Marie Tharp nació en 1920 en Ypsilanti, Michigan, Estados Unidos. Hija única de Bertha Louise Newton y William Edgar Tharp, el trabajo de su padre en la Oficina de Suelos del departamento de Agricultura de Estados Unidos le obligó a llevar una infancia itinerante, durante la cual esta futura geóloga entraría en contacto, si bien no mostrando un interés temprano, con la disciplina científica que marcaría posteriormente su vida.
Así, a la estela del desempeño de su padre, cuya labor requería pasar los inviernos en en sur de los Estados Unidos y los veranos en el norte caracterizando los suelos blandos del territorio, Tharp pasó la mayor parte de sus primeros años asistiendo a más de una docena de escuelas antes de culminar su educación secundaria en Florence, Alabama.
Ingresaría en la Universidad de Ohio en 1939, coqueteando con varias disciplinas hasta que, 6 meses después, descubrió su pasión por la geología de la mano de su mentor, el conocido como Doctor Dow, quien sugirió a Tharp que cultivara la habilidad de dibujar que más tarde le sería tan útil para hacerse un hueco en el ámbito de la geología; una de tantas disciplinas científicas reservadas por entonces en exclusiva a los hombres.
Durante su último año de Universidad, en respuesta a un anuncio del tablón de su facultad, Tharp accedió a curso de geología acelerado y enfocado a la industria del petróleo, en la cual, debido a marcha de los hombres al frente durante la Segunda Guerra Mundial, existía una gran demanda de trabajadores especializados.
Marie Tharp y el gran debate geológico
Tharp se acercaría profesional y académicamente a la geología en un momento de gran controversia en la disciplina. Apenas 3 décadas antes, el geólogo Alfred Wegener había dado a conocer su teoría de la Deriva Continental, la cual, todavía no aceptada por la comunidad científica, postulaba que las placas tectónicas de la corteza terrestre se desplazaban lentamente sobre el manto de la Tierra.
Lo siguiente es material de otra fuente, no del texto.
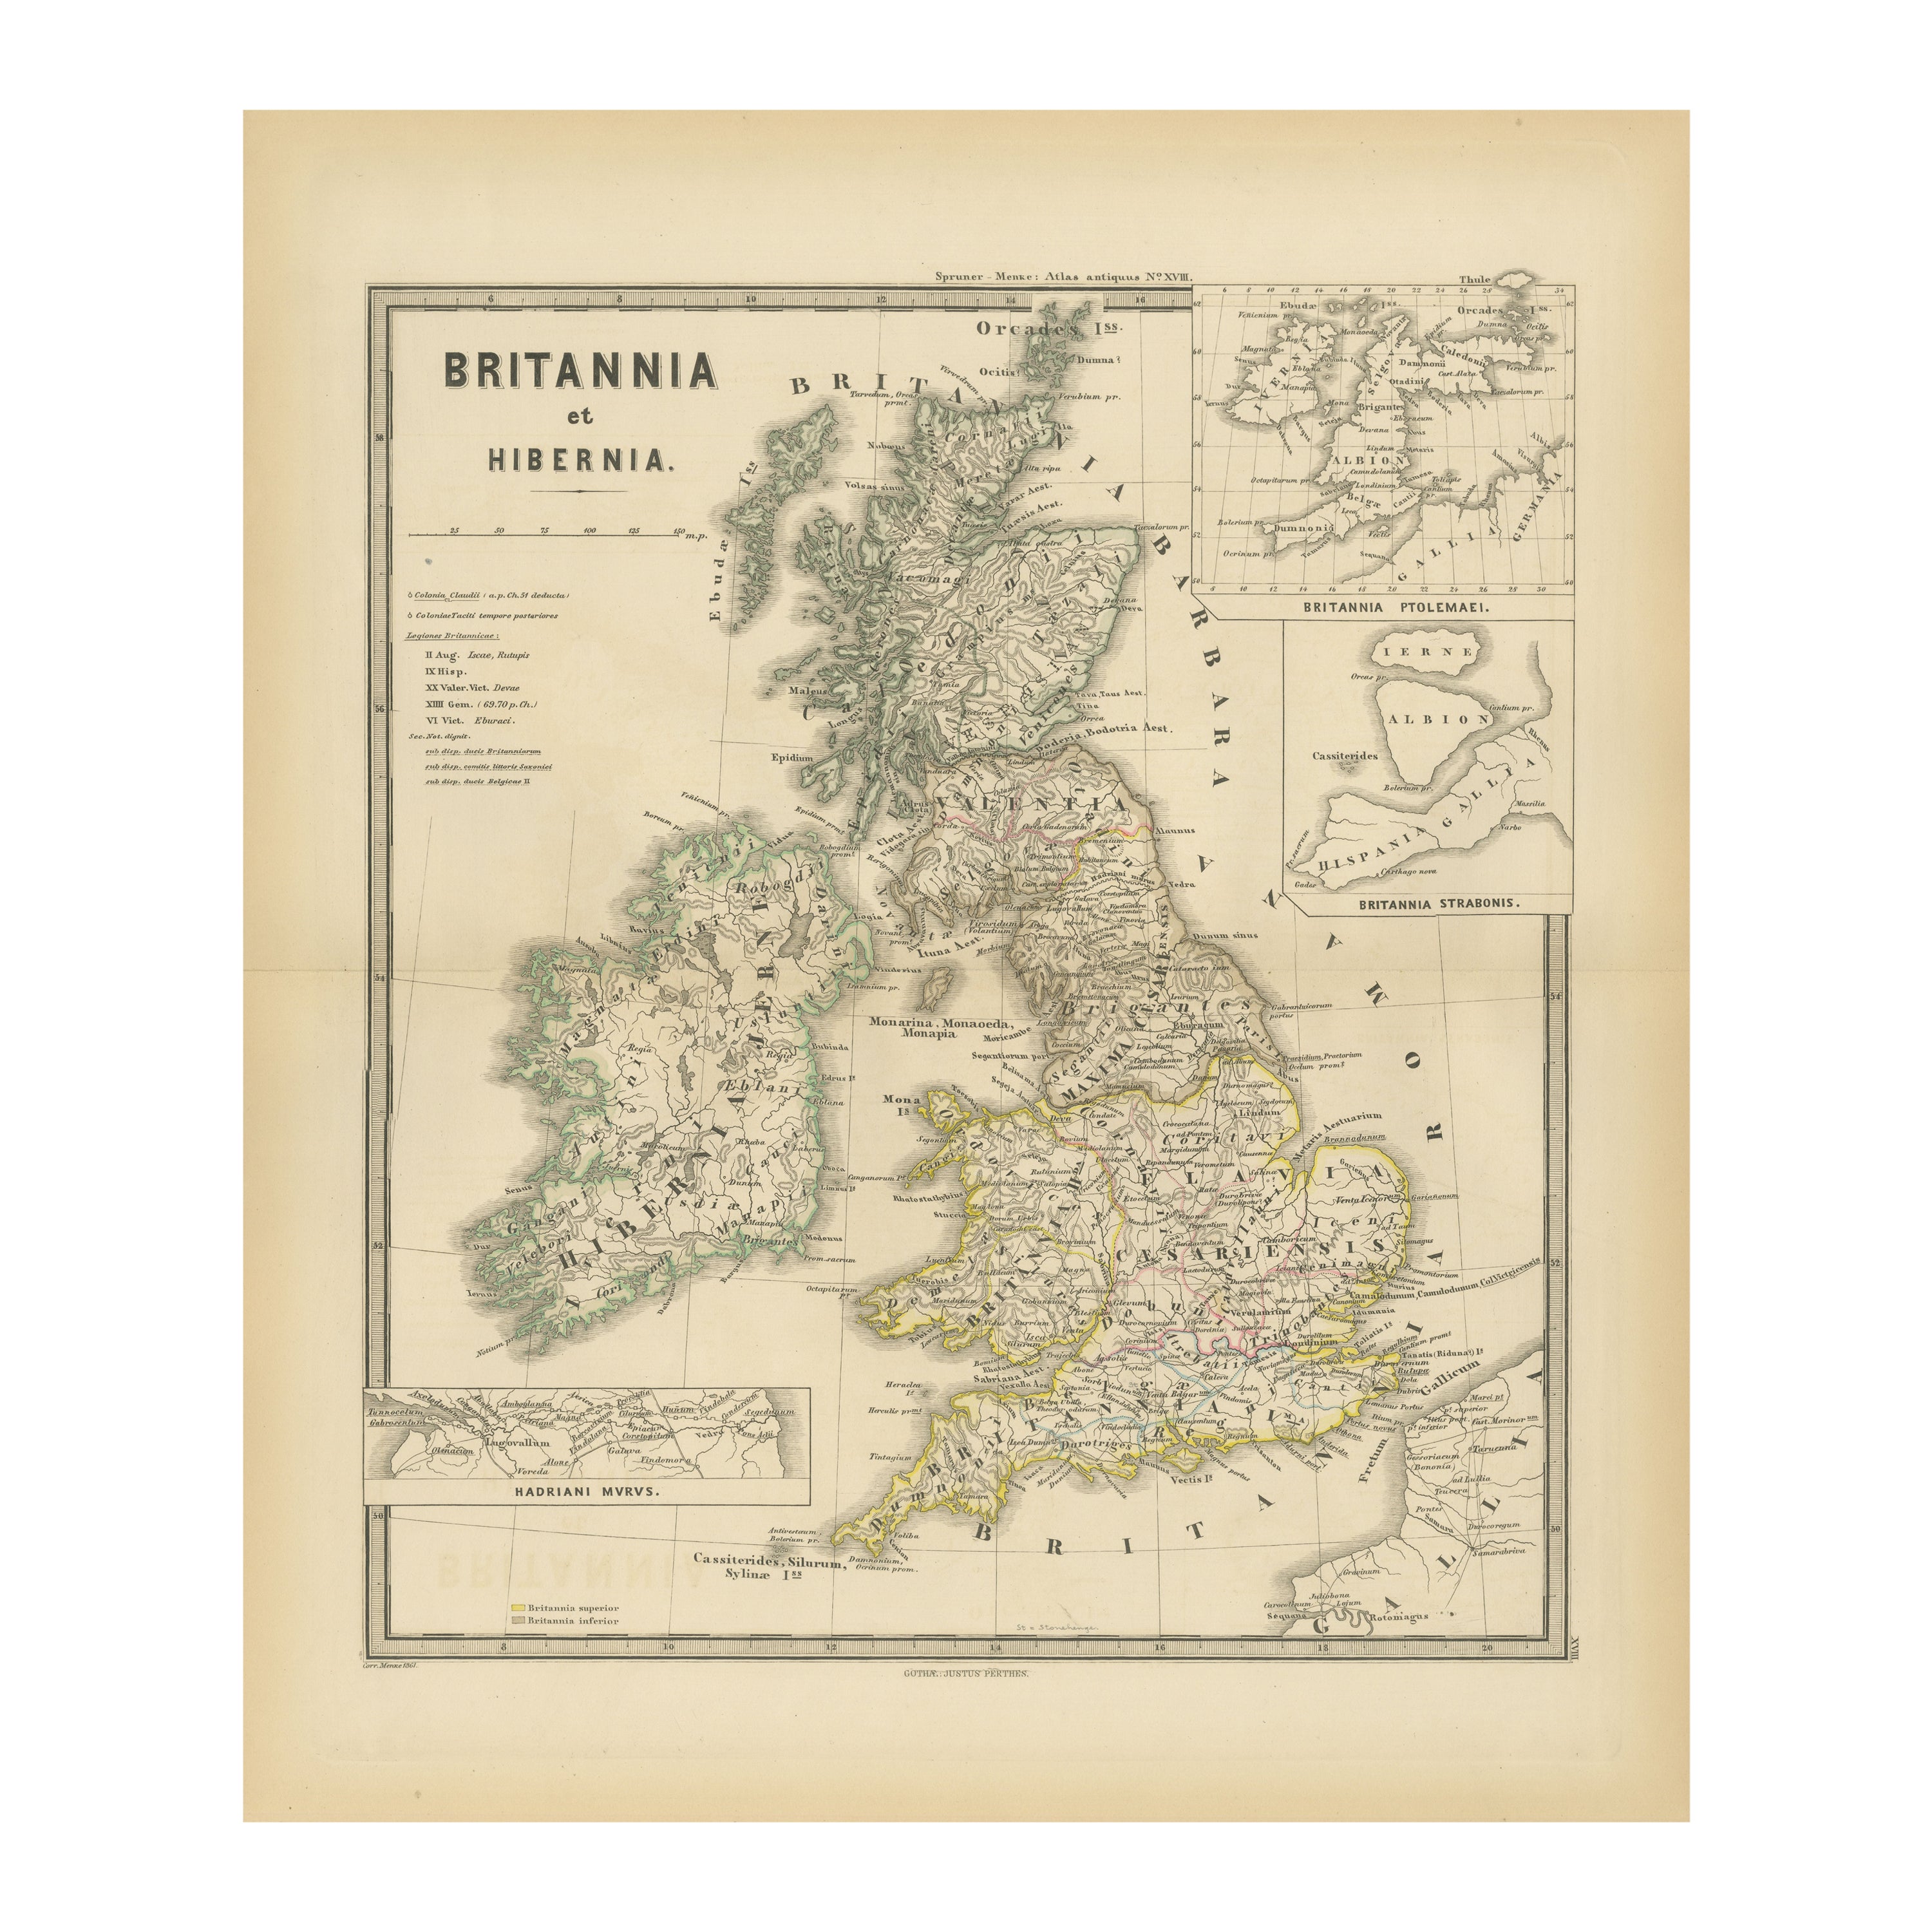 Ancienne cartographie de Britannia et de Hibernia, publiée en 1880

La geóloga, ya también formada en los campos de la física, la química y las matemáticas, comenzaría trabajando para la compañía Standart Oil, en Tulsa, Estados Unidos, antes de entrar en 1948 a formar parte del laboratorio recién establecido del geofísico y oceanógrafo Maurice Ewing, donde comenzaría realizado trabajos de cálculo y dibujo que muy pronto, por desidia, le harían renunciar voluntariamente de su puesto.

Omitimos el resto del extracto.